Required action:
Nothing but the lines from the one holding "Film Zaseda iz" to the final line of the listing below, both included, should be repeated, and each must match exactly. Omit pictures.

Dataset extract:
►
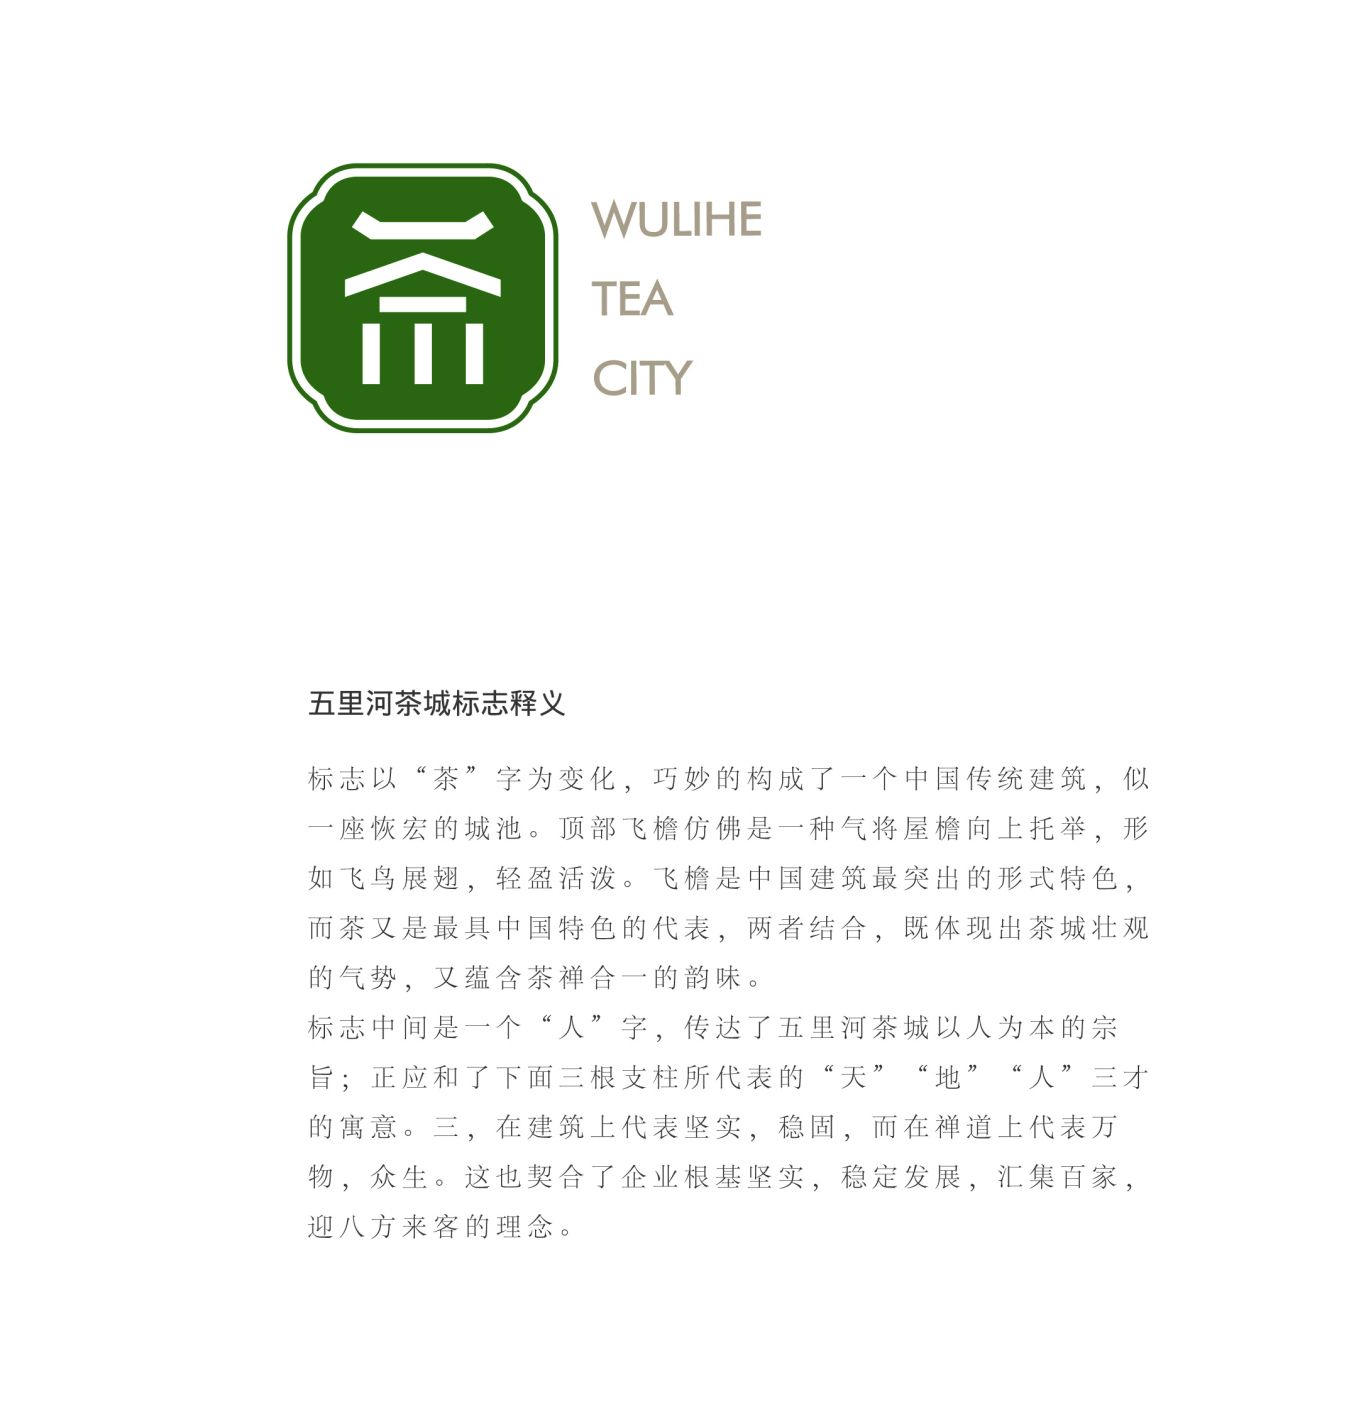 沈阳五里河茶城 品牌VI形象设计图2
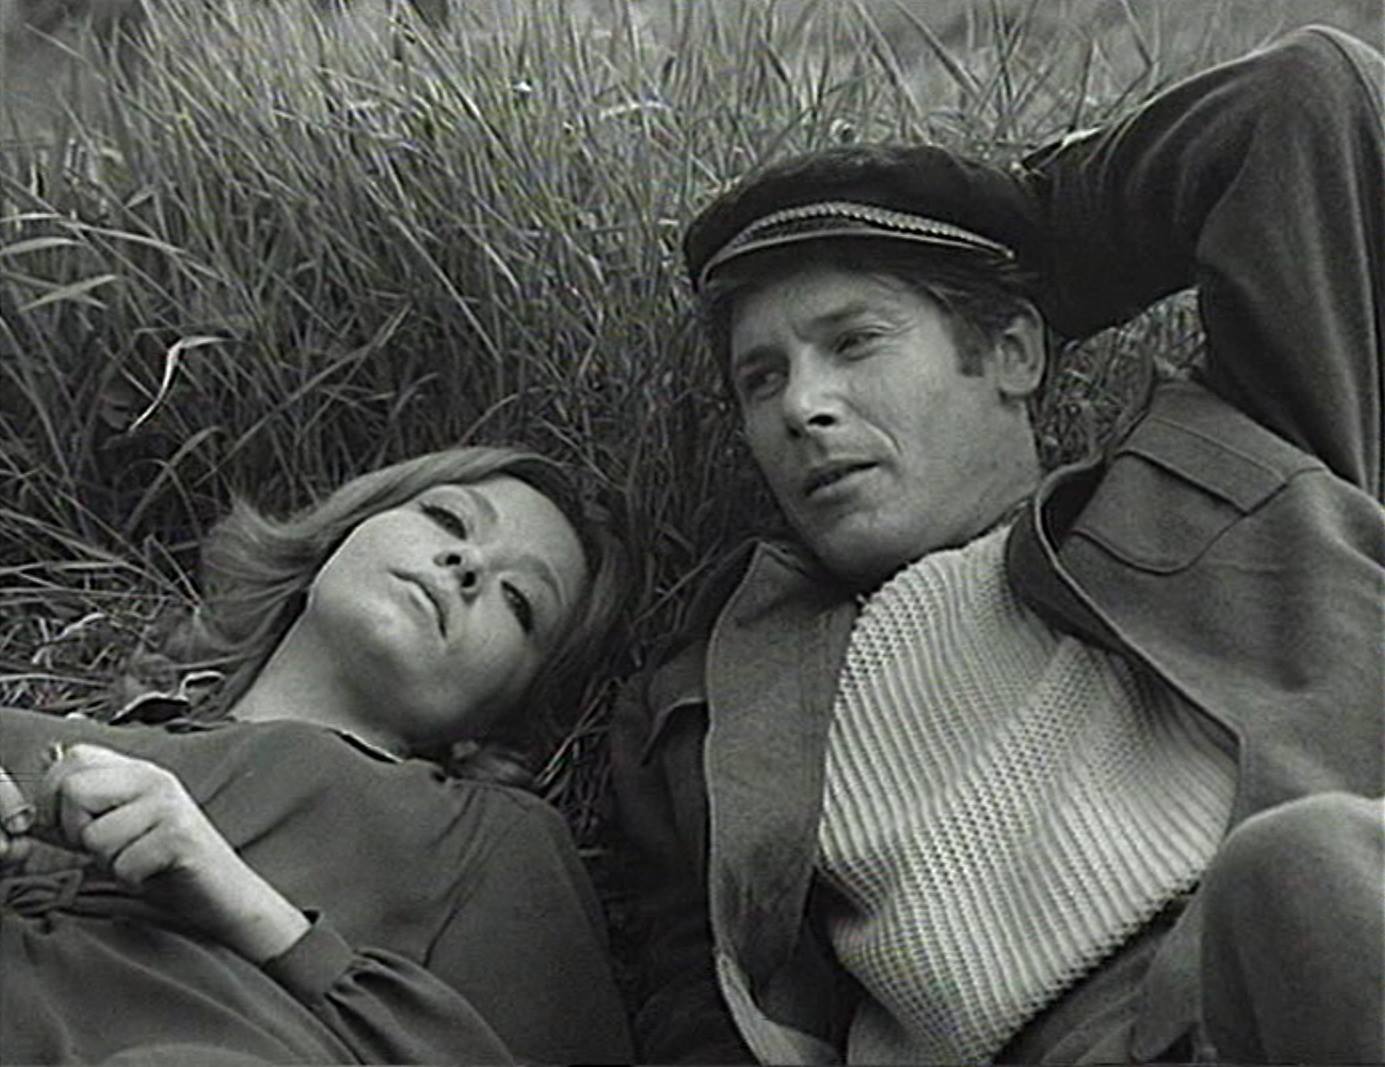 Film Zaseda iz 1969. godine jedan je od najpoznatijih ostvarenja Crnog talasa, čuvenog razdoblja u jugoslavenskoj kinematografiji. Dravić igra glavnu žensku ulogu, a njen partner je hrvatski glumac Ivica Vidović. 
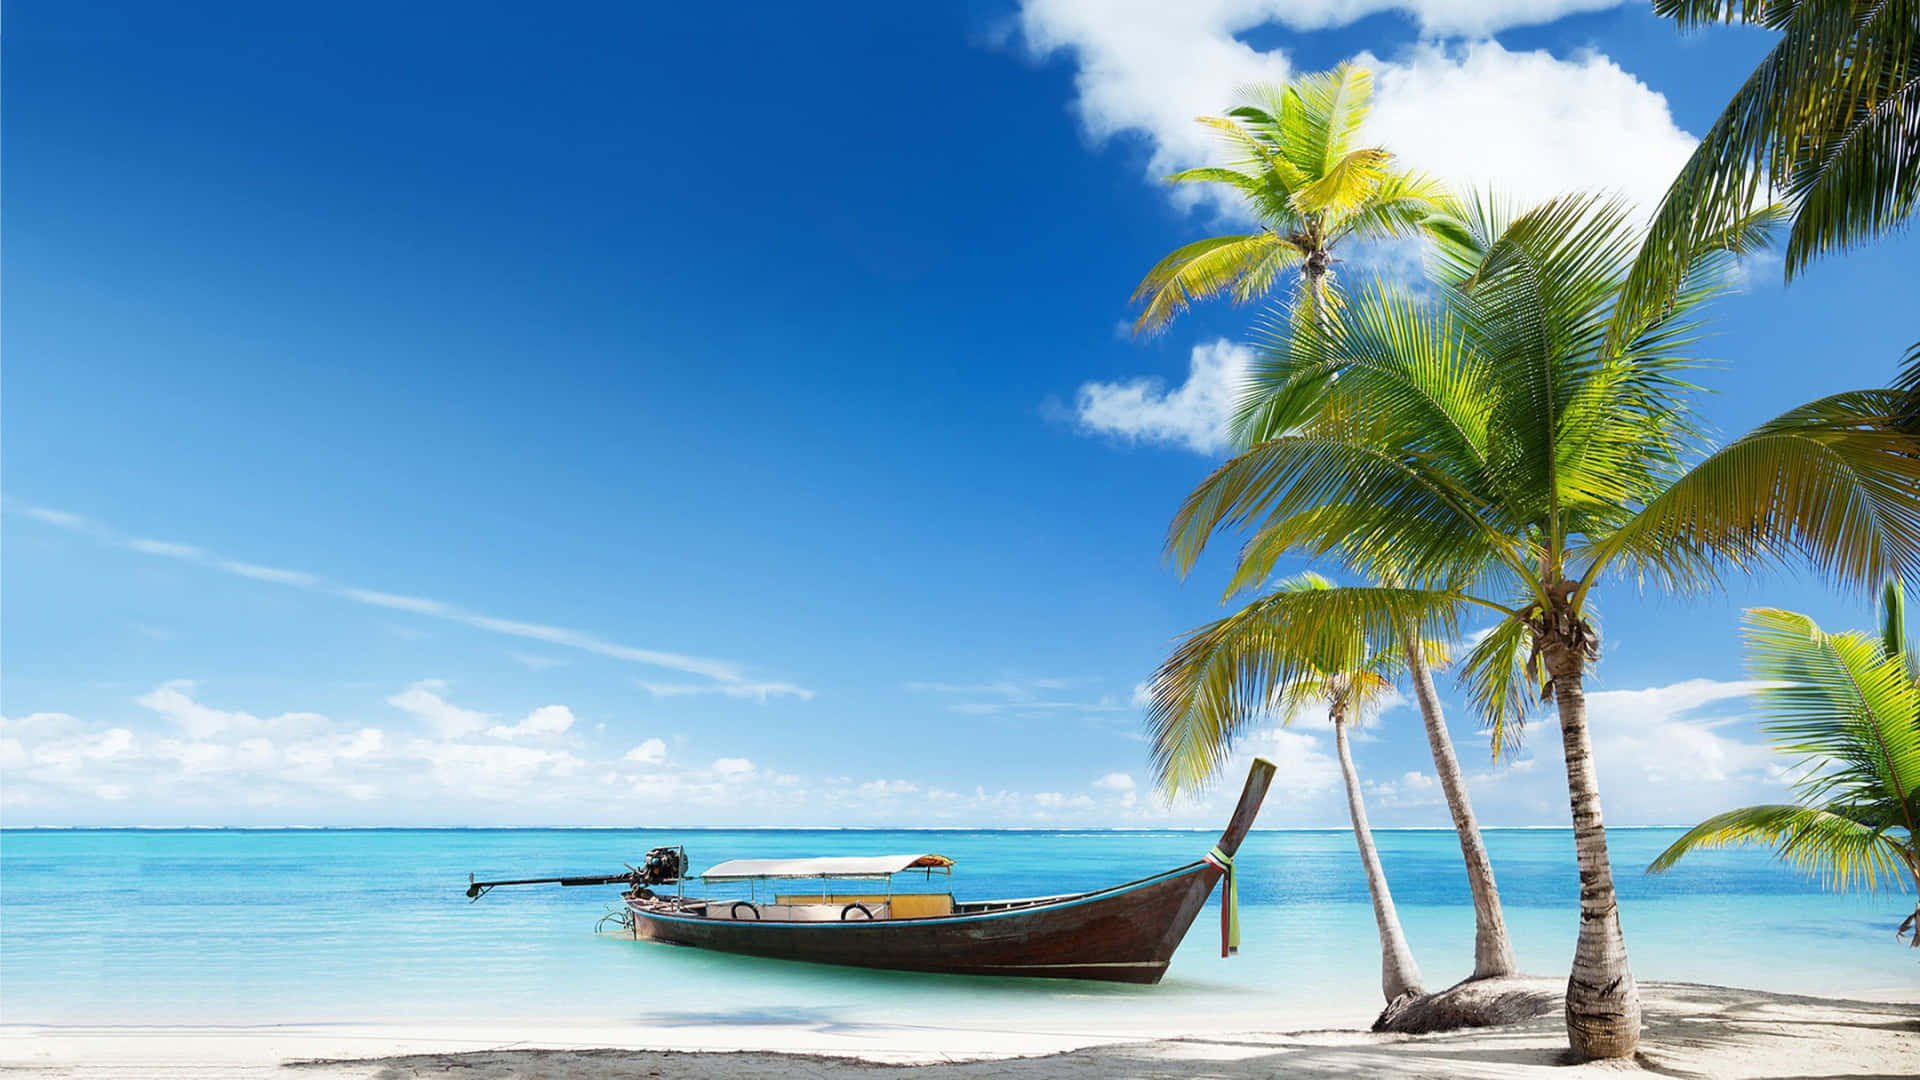 Entspannensie An Einem Friedlichen Strand In Der Karibik. Wallpaper
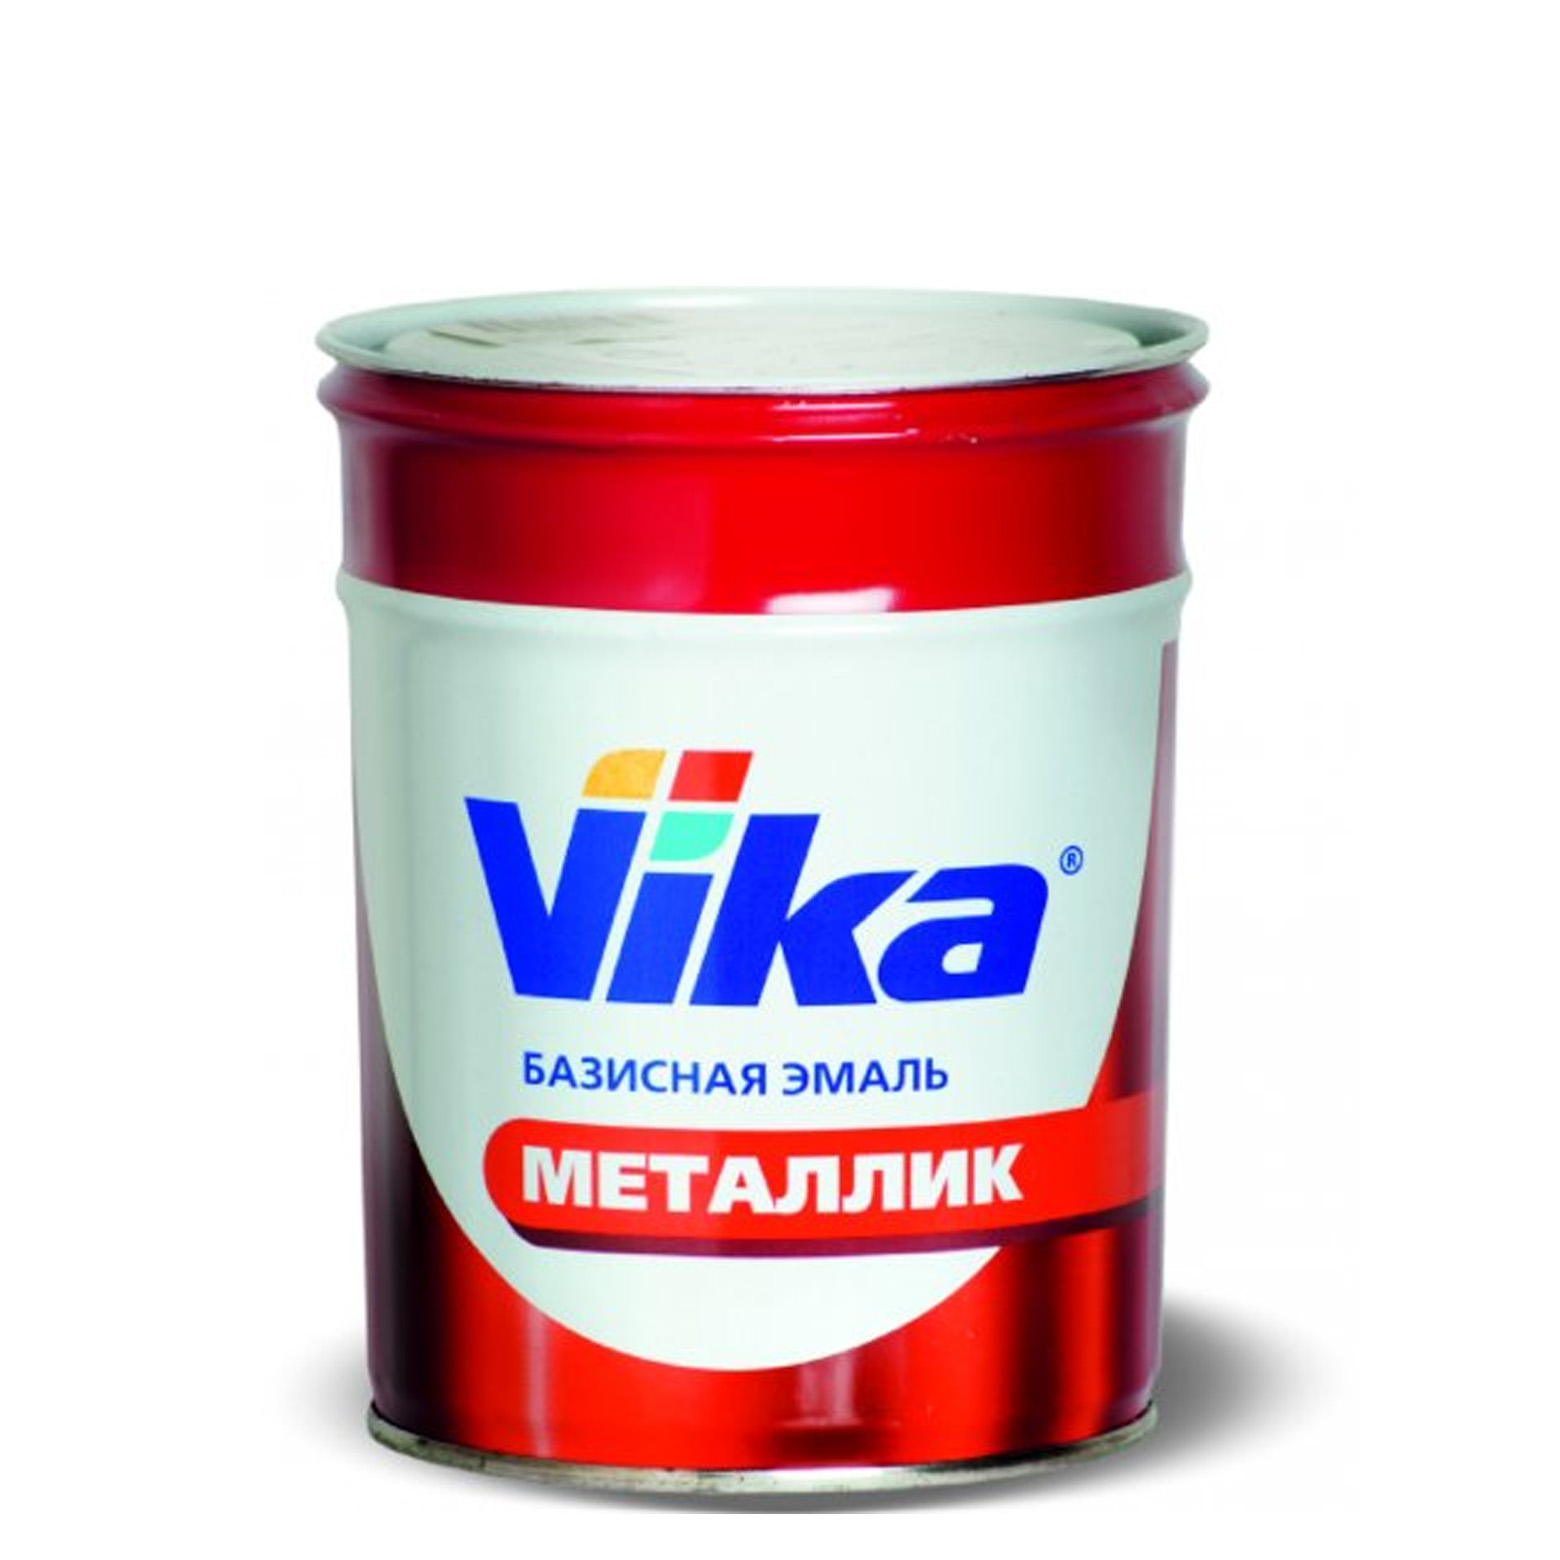 Фото 1 - Автоэмаль Металлик, цвет 371 Амулет, профессиональная базовая, - 0,9 кг Vika/Вика.
◄
Written answer:
 Film Zaseda iz 1969. godine jedan je od najpoznatijih ostvarenja Crnog talasa, čuvenog razdoblja u jugoslavenskoj kinematografiji. Dravić igra glavnu žensku ulogu, a njen partner je hrvatski glumac Ivica Vidović. 
 Entspannensie An Einem Friedlichen Strand In Der Karibik. Wallpaper
 Фото 1 - Автоэмаль Металлик, цвет 371 Амулет, профессиональная базовая, - 0,9 кг Vika/Вика.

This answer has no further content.